# Example: Word-based Language Modeling

In the previous notebook we have seen an example of a character-based language model. Let's improve that, by building a word-based language model.

We still build our language model based on a sequence of $N=10$ words.

In addition, this time we use LSTM instead of SimpleRNN.

In [1]:
N=10

## DATASET

In [2]:
import numpy as np 
import pandas as pd 
import os

### Download

In [3]:
INPUT_FILE = "wonderland.txt"

In [5]:
text_file = open(INPUT_FILE, 'rb')

In [6]:
# List, which will contain all the lines of the book. Each line is stored as a string
lines = []
for line in text_file:
    line = line.strip()
    # We transform all the characters to lowercase
    line = line.lower()
    line = line.decode("ascii", "ignore")
    #line = line.
    # We skip empty lines
    if len(line) == 0:
        continue
    lines.append(line)
#text_file.close()

In [7]:
# Single string, containing the whole text
text = " ".join(lines)

In [8]:
# List of words
words_text = text.split(' ')

In [9]:
words_text[:10]

['project',
 'gutenbergs',
 'alices',
 'adventures',
 'in',
 'wonderland,',
 'by',
 'lewis',
 'carroll',
 'this']

In [10]:
len(words_text)

29697

### Set of all possible words

In [11]:
# Set of all the possible words in our dataset
words = set(words_text)

# Number of all the possible words
n_words = len(words)
n_words

5071

### PREPROCESSING

### Mapping words into integers

In [12]:
# Dictionary, which maps words into the corresponding integers (i.e. indeces) 
word2index = dict((w, i) for i, w in enumerate(words))

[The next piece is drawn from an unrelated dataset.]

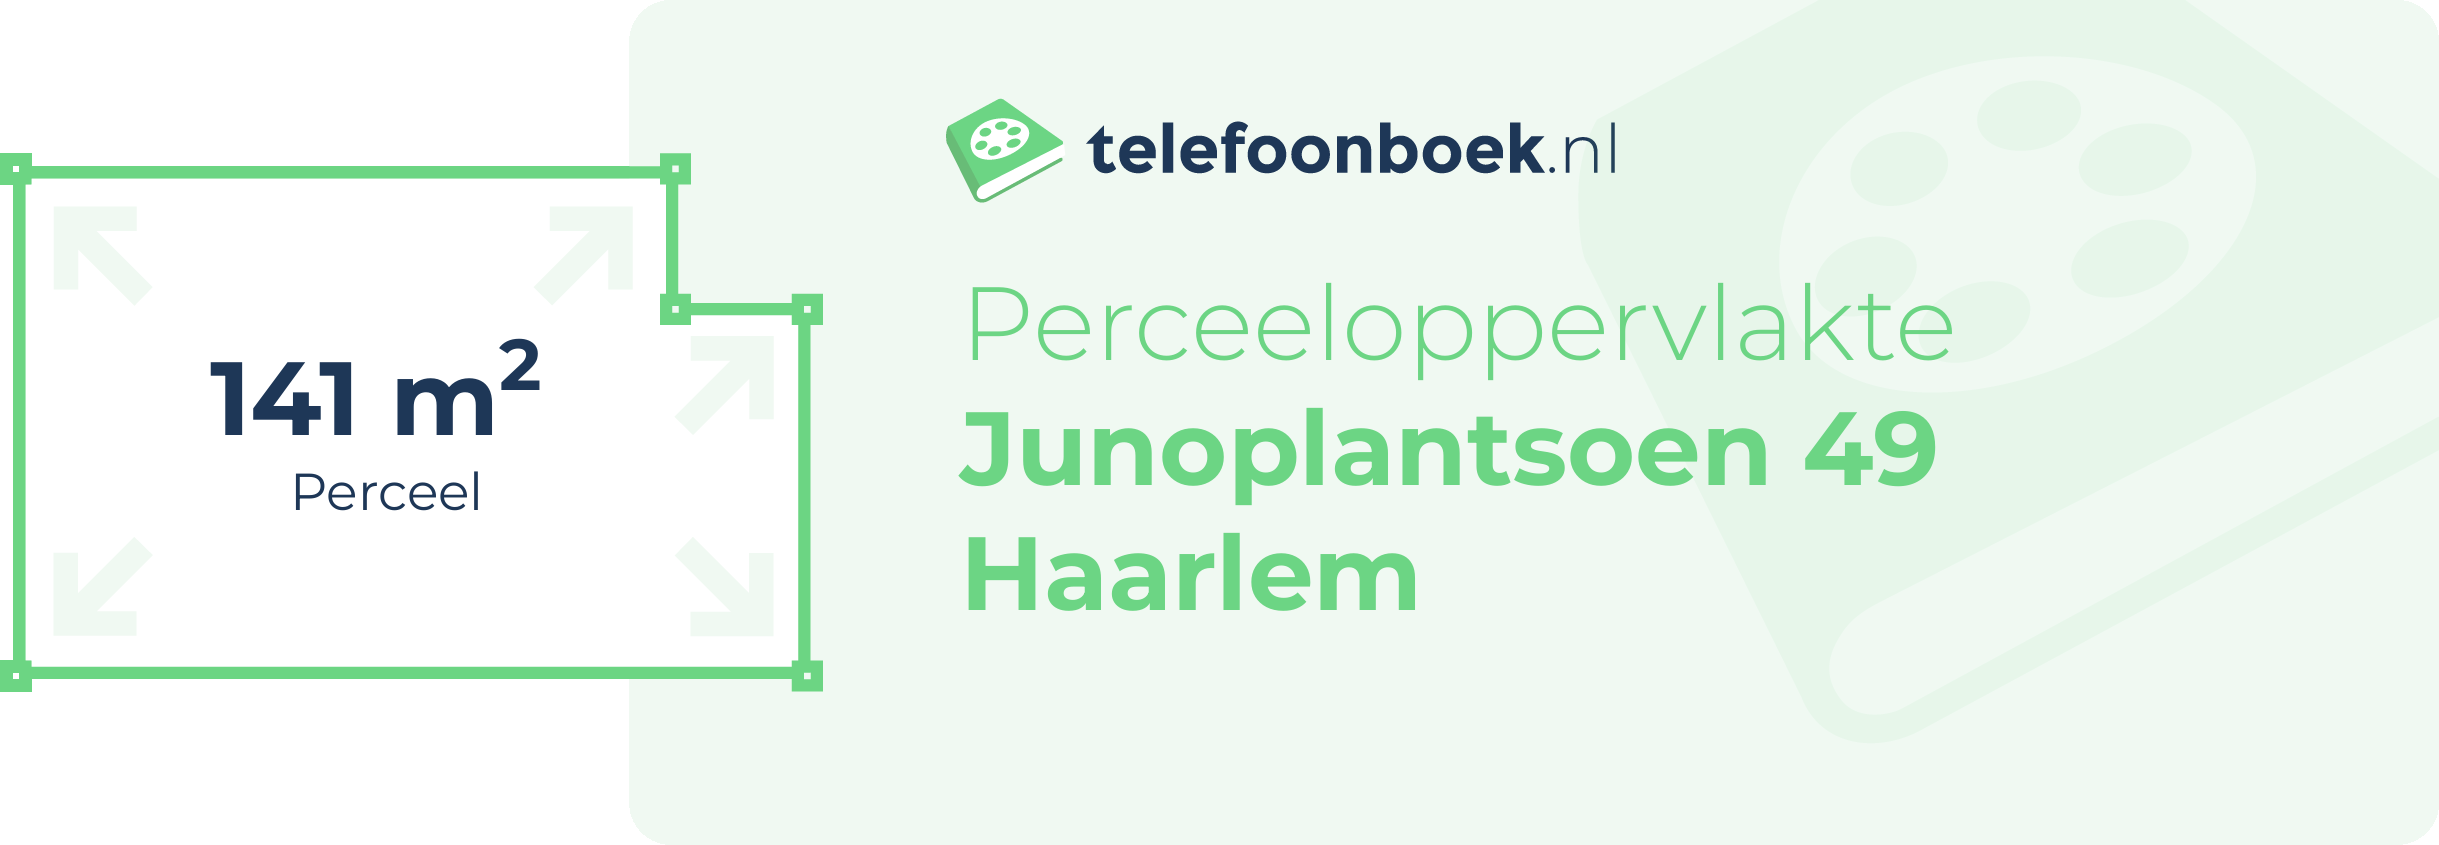 Perceeloppervlakte Junoplantsoen 49 Haarlem
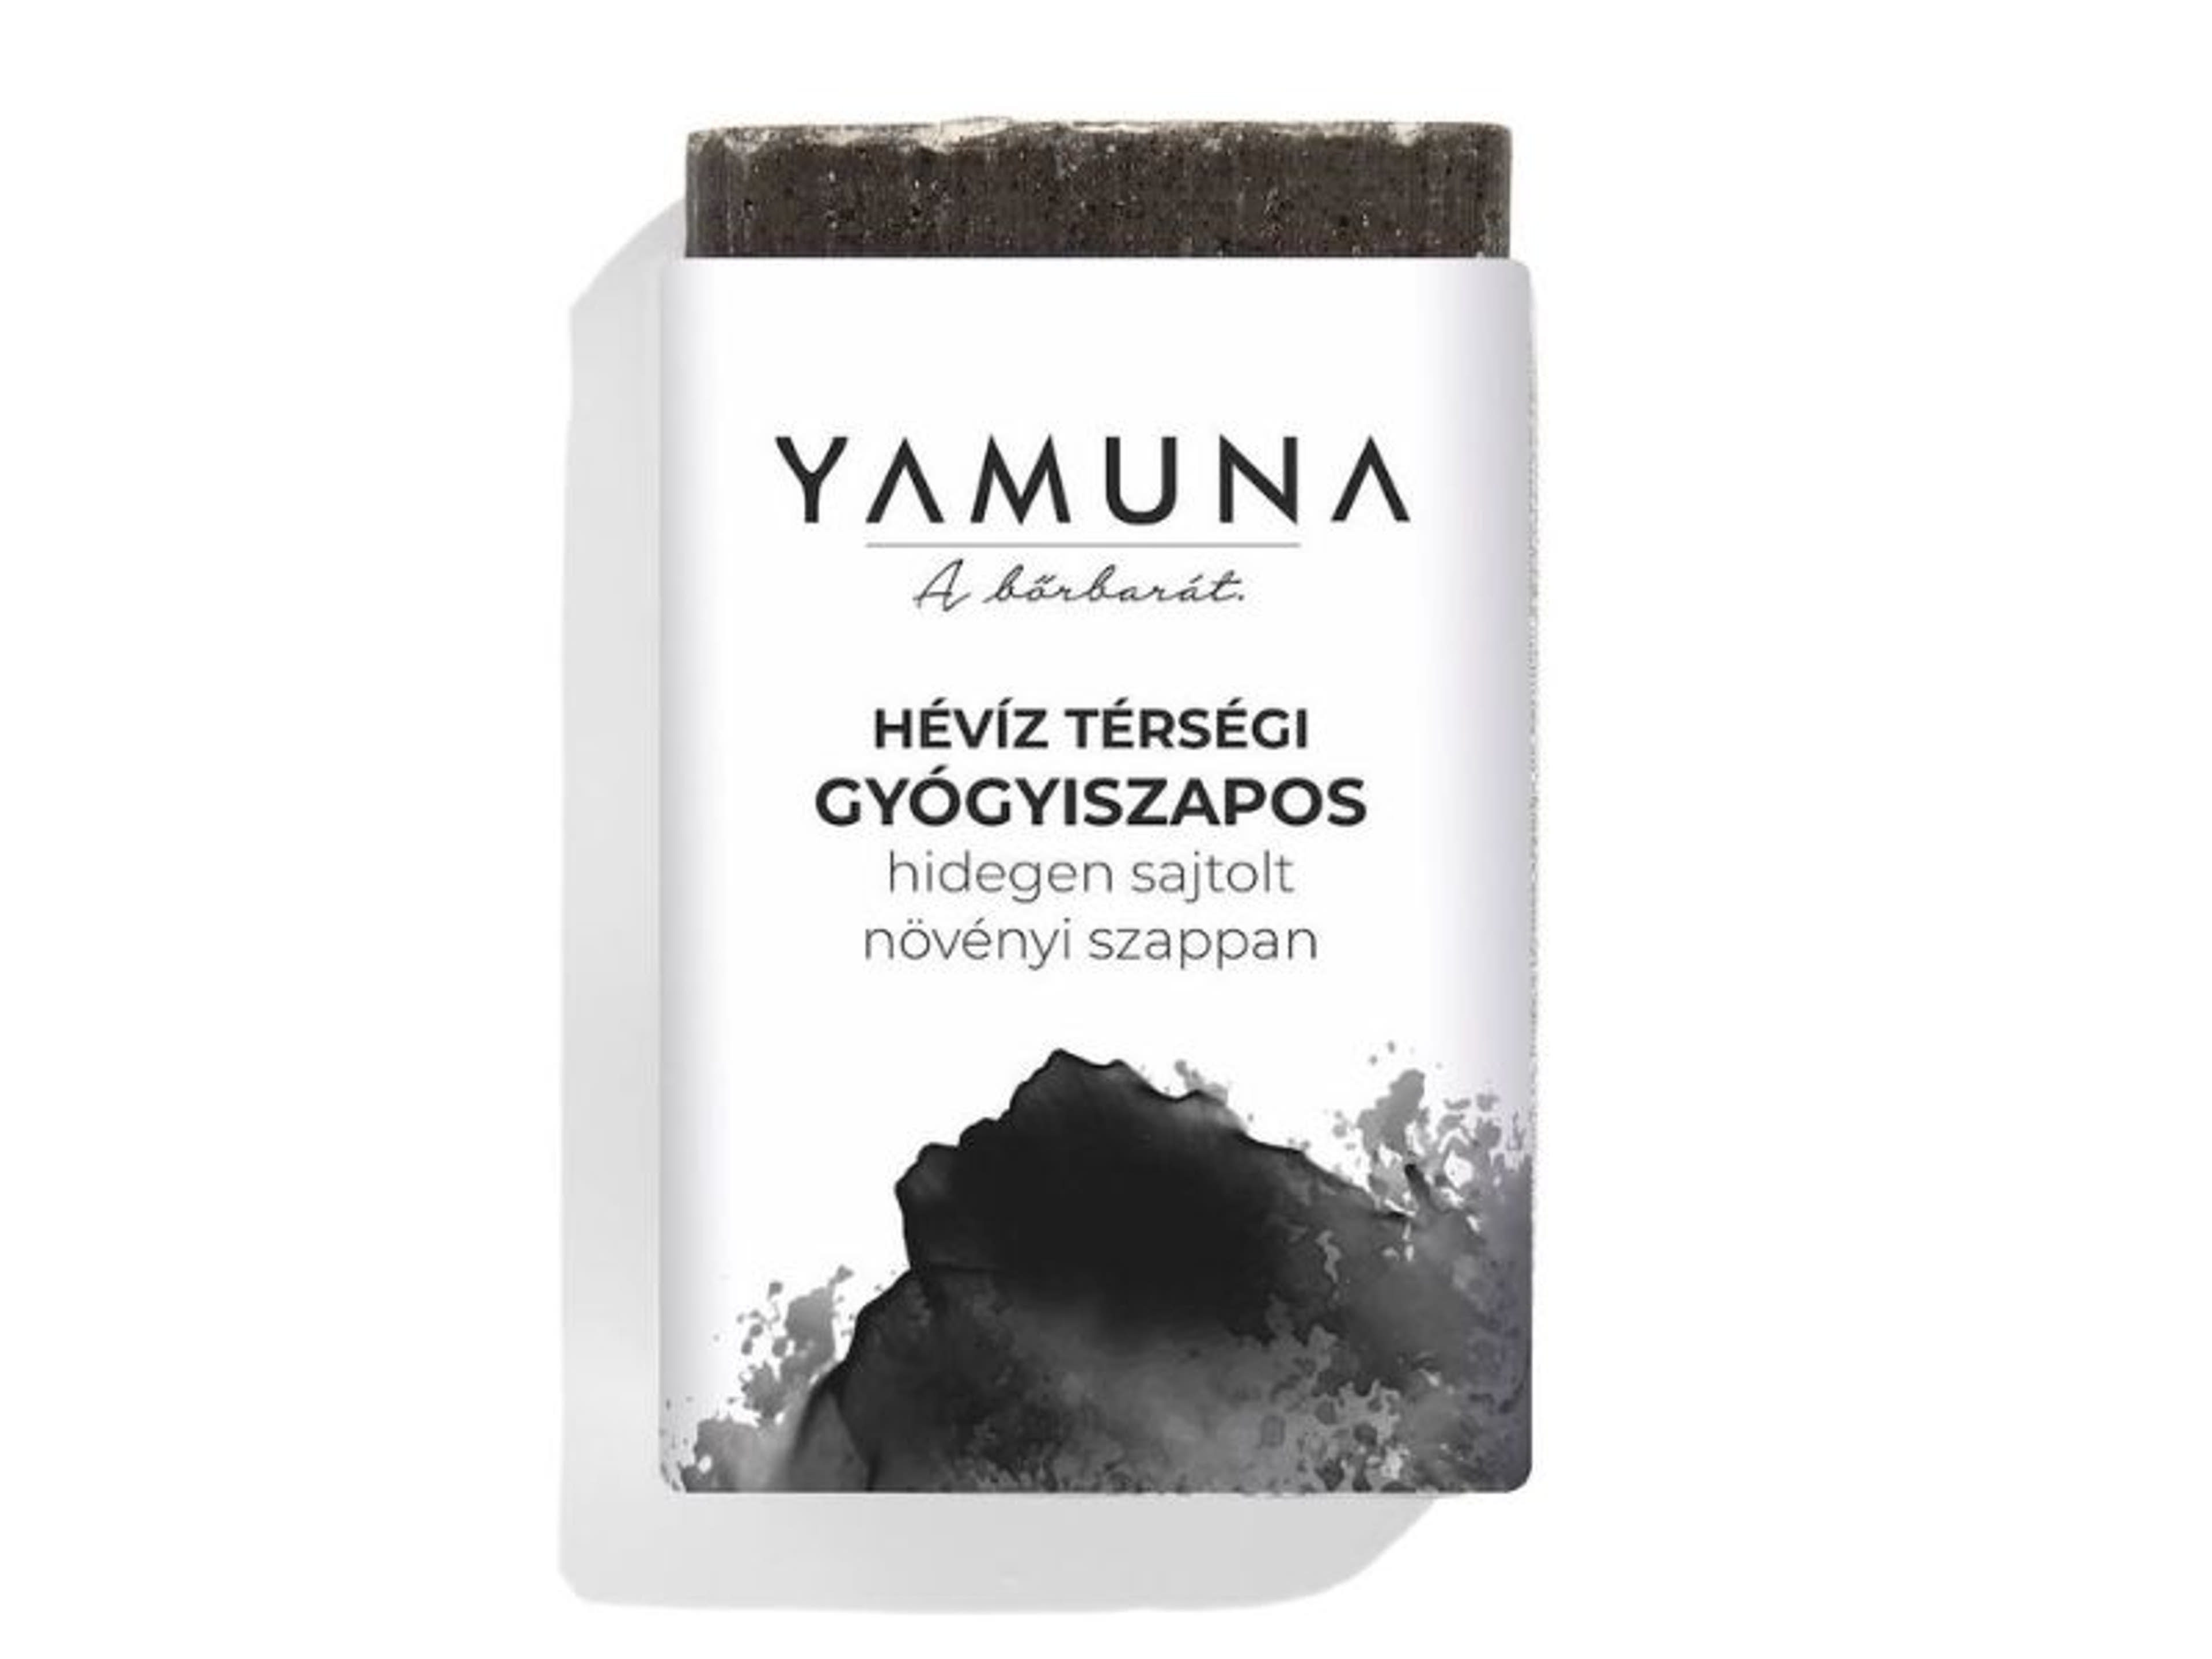 Yamuna fekete szappan hévizi gyógyiszappal - 110 g

# Dictionary, which maps integers/indeces into the corresponding words 
index2word = dict((i, w) for i, w in enumerate(words))

### Inputs and targets

In [13]:
# List which will contain all the possible instances x, which are all the possible sequences of N adjacent words
inputs = []

# List which will contain the targets for the corresponding instances x
targets = []

# We iterate over all the possible words in the text
# Actually, we don't consider the last N characters
for i in range(0, len(words_text)-N):
  # Instance x: it consists in the N consecutive words starting from the index 'i'
  x = words_text[i : i+N]
  inputs.append(x)

  # Target corresponding to the instance x: it is the word after N characters. It is the word rigth after the sequence
  y = words_text[i+N]
  targets.append(y)

In [14]:
inputs[0]

['project',
 'gutenbergs',
 'alices',
 'adventures',
 'in',
 'wonderland,',
 'by',
 'lewis',
 'carroll',
 'this']

In [15]:
targets[0]

'ebook'

In [16]:
# Number of instances x in our dataset, where an instance x is a sequence of N=10 consecutive words
M = len(inputs)
M

29687

### Transforming words into integers
We transform each word into the corresponding integer/index. We do that both in the inputs and in the targets

In [17]:
inputs_integers = [[word2index[w] for w in input] for input in inputs]
inputs_integers[0]

[601, 2294, 1035, 4302, 1009, 1986, 3420, 125, 4875, 920]

In [18]:
targets_integers = [word2index[target] for target in targets]
targets_integers[0]

167

### Next preprocessing step
The next preprocessing step could be to one-hot encode the words, as seen in the last notebook for characters.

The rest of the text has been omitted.